『溶けない』藤野可織

これも受賞第一作だが、文學界新人賞ということで扱いが小さい。そこそこ間が空いたイメージだが、第一作を発表できない人もいるかもしれないと考えれば、まずは良かったというべきか。
とはいえ、こういう妄想系は余り私の得意でない分野。しかも先日読んだ田中慎弥の作品と違って、他者と妄想を共有しているかのようであり、描かれているのがどこまで現実なのかそうでないのかが曖昧で、尚更不得意。
それは日本の純文学が私小説中心という事に私も毒されているからだ、という面は否定できないが、現実にありえない事を純文学で表現するにはかなりの力量が必要と思う。例えば夢に見た話を他人からされてもあんまり面白くないように。そしてもうひとつ言うと、その妄想がなんらかの意味を明らかに帯びてしまっていても興が冷める。一義的な意味付けを嫌うからこそ皆文学やってるわけで。
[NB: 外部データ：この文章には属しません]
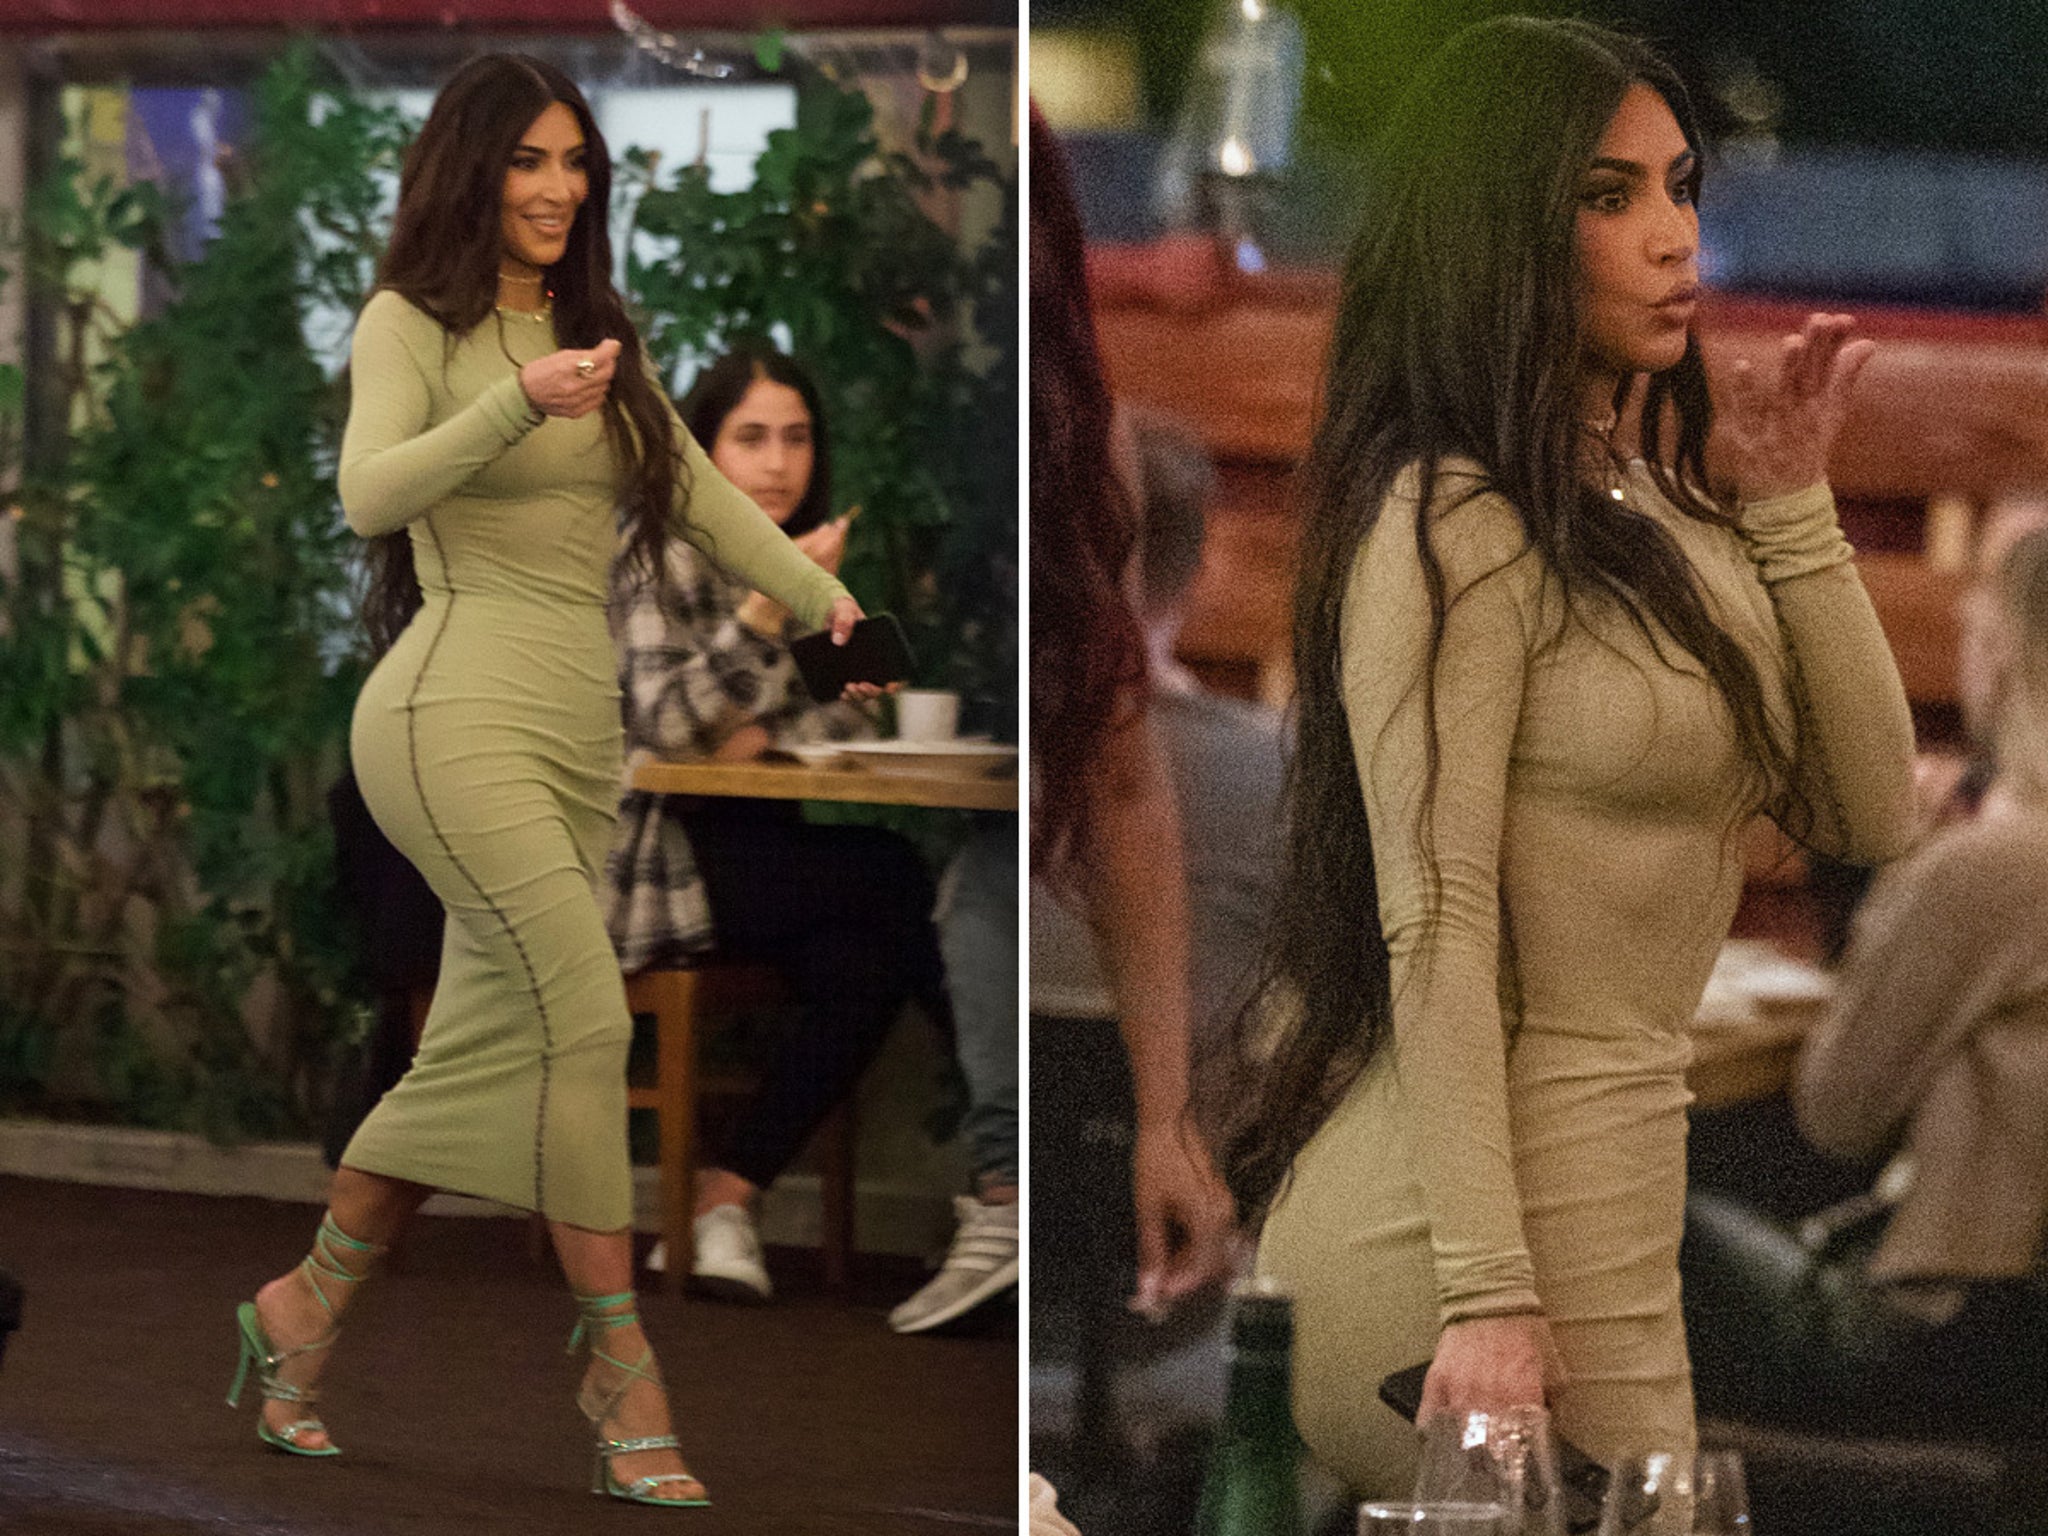 Bittersweet after an amazing 12 years': Kim Kardashian confirms

この小説に出てくる妄想は、たんに幼い頃繰り返された事がそのまま具現化されただけで、分析や解釈を迫られない分興醒めしない。ただ、力量の面でいうと、文章は非常に端正で読みやすくて良いのだが、もう少しエンタテインメントであって欲しい、と思う。これは新人賞の人にたいして欲張り過ぎなんだろうか。私小説を嫌い冒険しているのだから良いとすべきか。
というのはこの小説、テーマといえばよくある母娘の葛藤くらいしか読むことができないわけで、主人公が自殺を止めてしまった少女や、賃貸収入で暮らす大家、仲が良いんだか悪いんだかの恋人など、語らせ方によっては面白くなりそうなキャラの背景を殆ど描いていないので、小説全体を妄想で膨らますのなら、少しは読む者がもっと楽しめるように膨らませて欲しいのだ。
あまり余計なことを盛り込むのは良くないというなら、せめて幼い日、母親が消えたことに関しては、もう少し何か重大な訳があるというふうに引っ張るとか、読者をページをめくらせるものが欲しかった。それに「溶けない」と題名で語る割には、妄想が妄想で閉じている感じが強く、裂け目みたいなものの存在感が希薄だ。
私小説的なものでつまらないと救いようも無く感じるが、冒険してくれた作品は1作だけでは切り捨てられない。この作者の、こういう作風でない作品をできたら読んでみたい。